PROBLEM REQUIREMENTS:
Transcribe exactly the line with "We present to" and each line that follows it in the listing, down to the last, omitting all pictures.

____

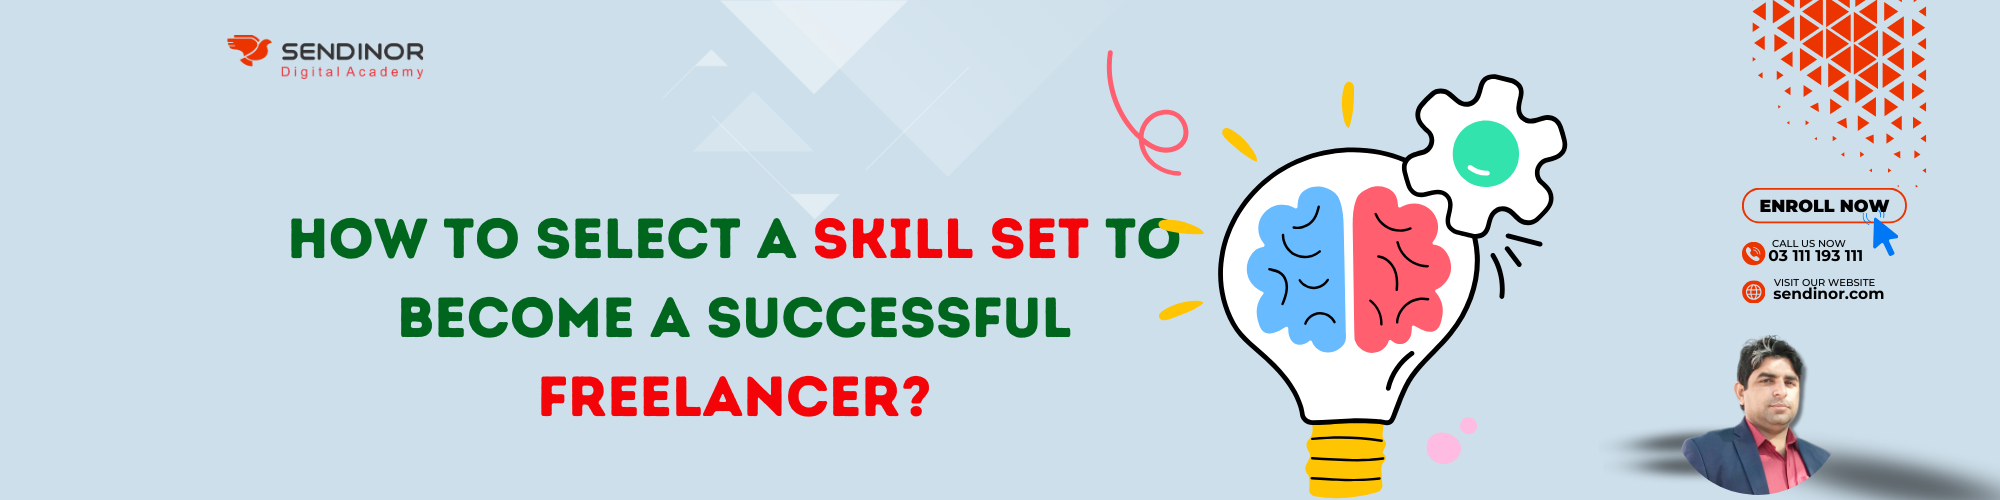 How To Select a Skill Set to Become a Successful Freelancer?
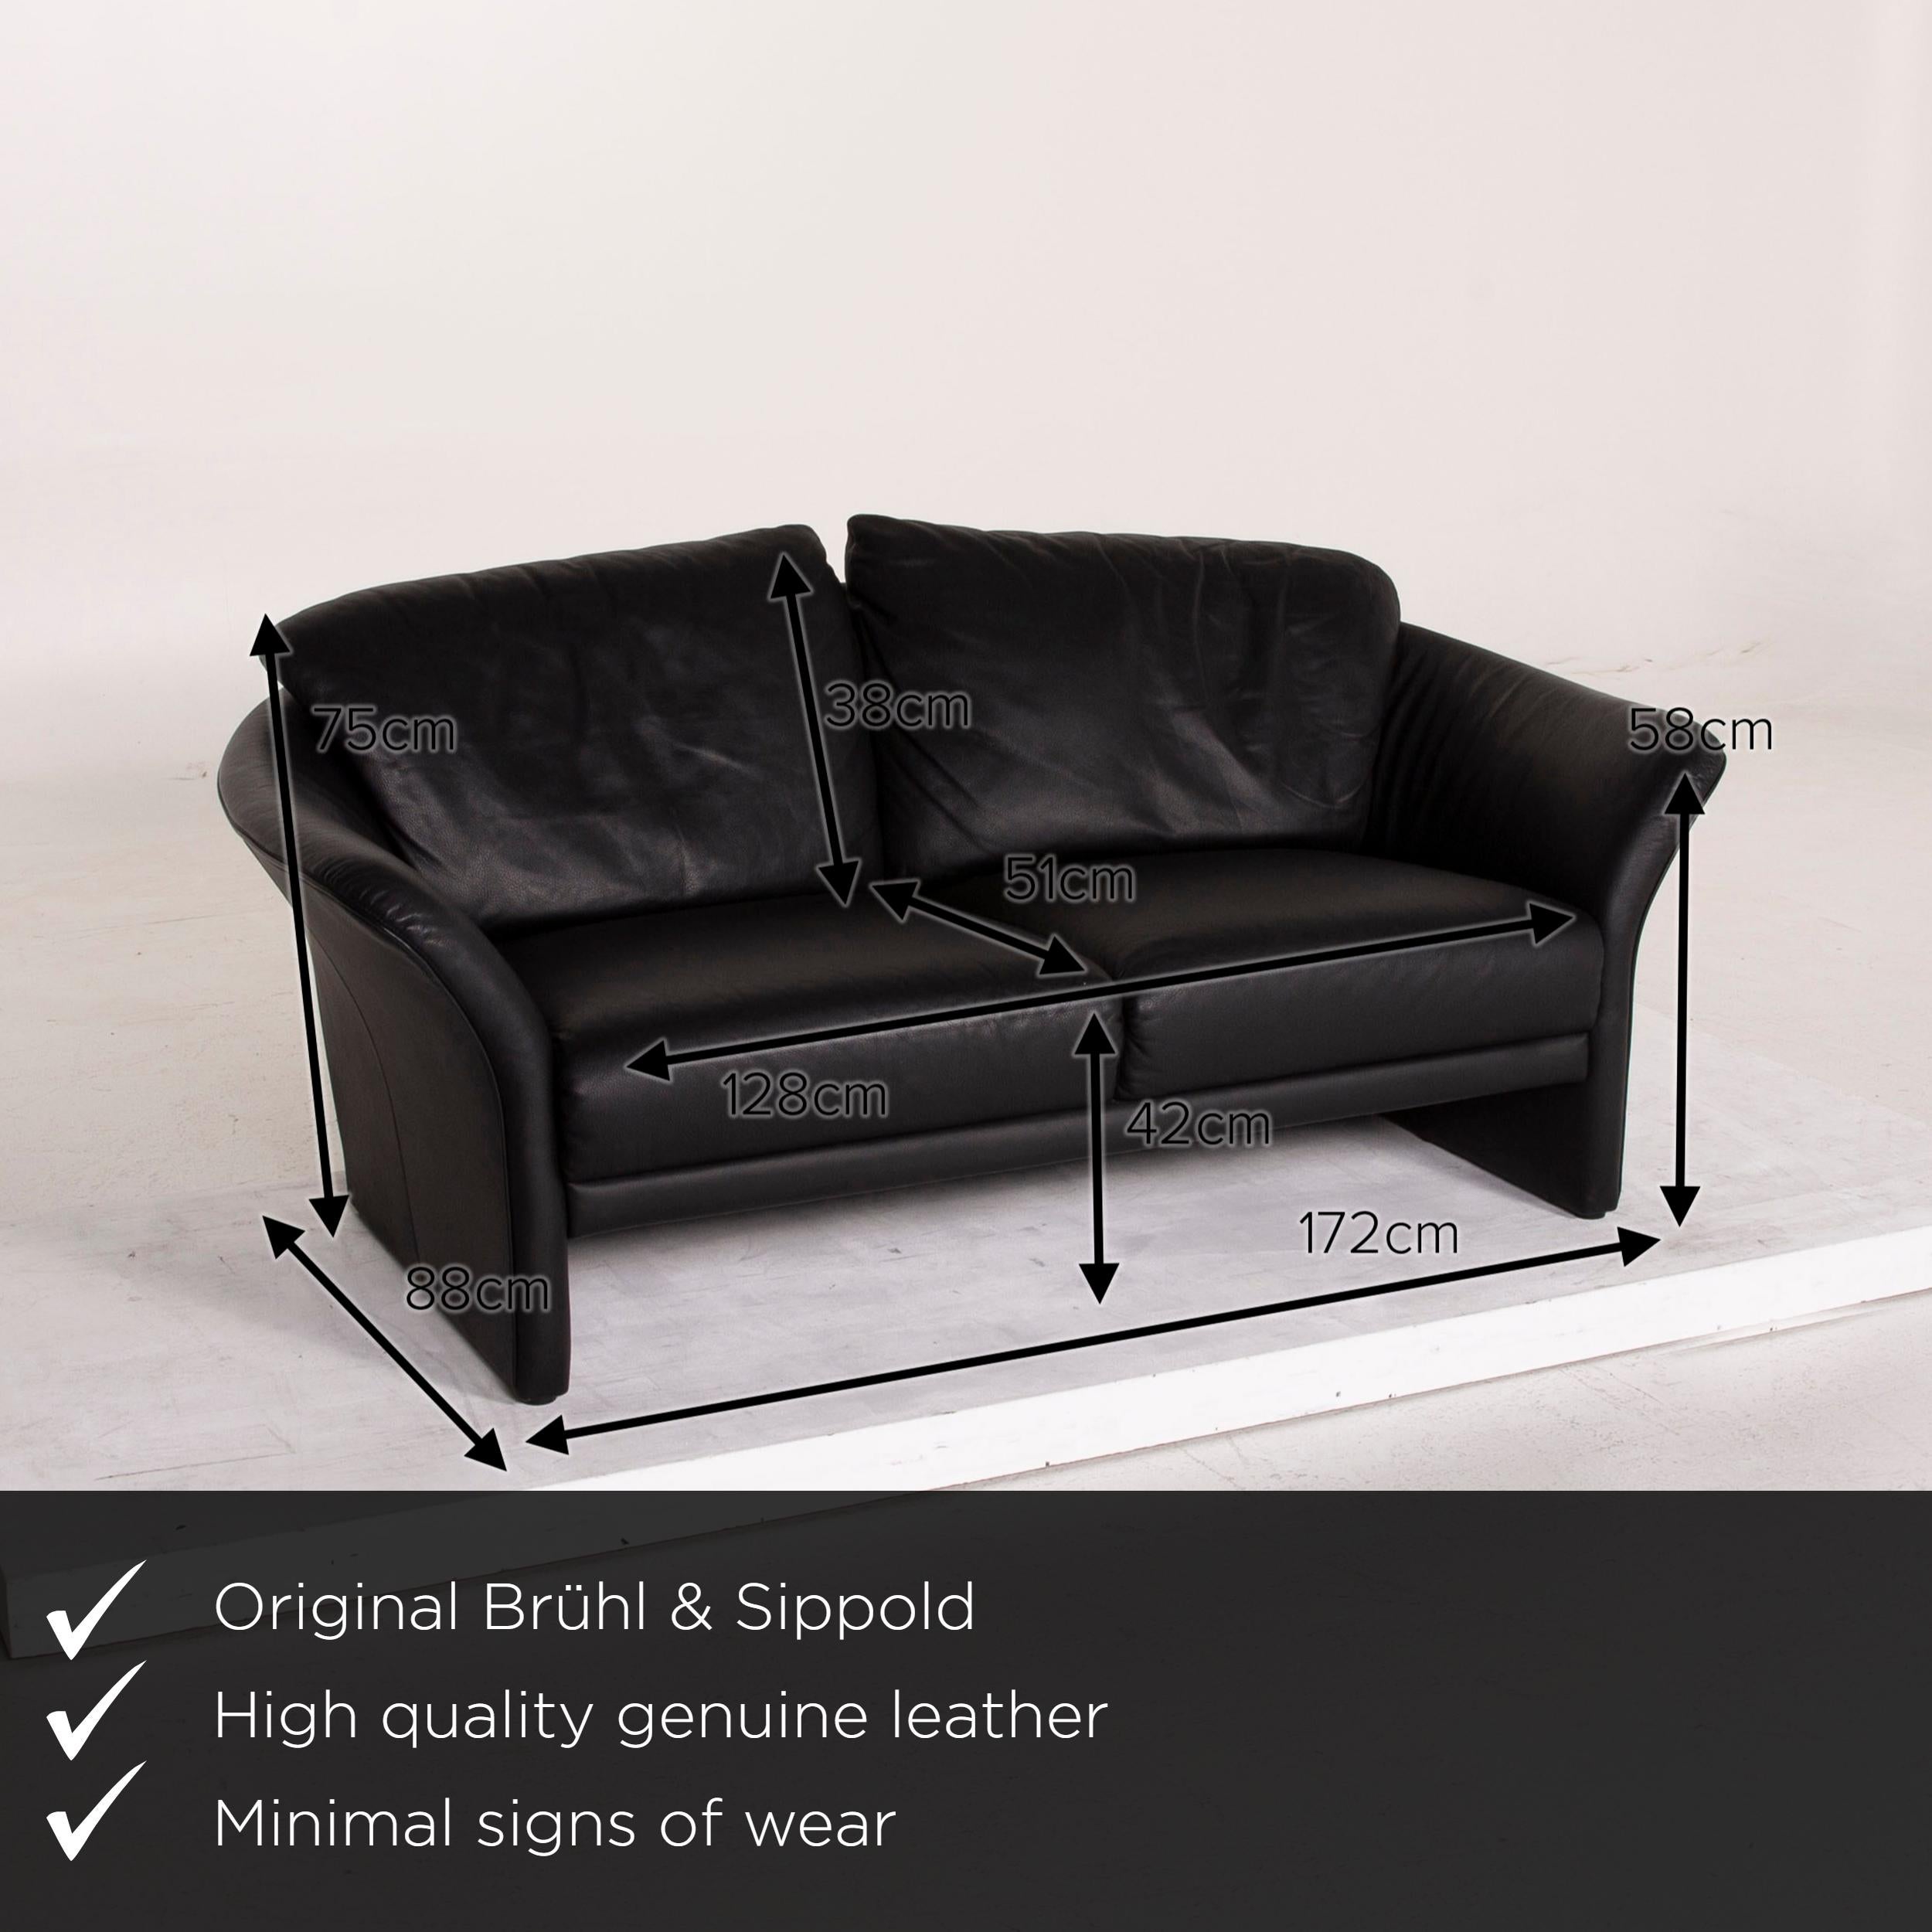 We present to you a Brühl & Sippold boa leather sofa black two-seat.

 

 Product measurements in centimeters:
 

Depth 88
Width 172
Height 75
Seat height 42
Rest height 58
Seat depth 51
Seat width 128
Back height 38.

____

SOLUTION:
 We present to you a Brühl & Sippold boa leather sofa black two-seat.

 

 Product measurements in centimeters:
 

Depth 88
Width 172
Height 75
Seat height 42
Rest height 58
Seat depth 51
Seat width 128
Back height 38.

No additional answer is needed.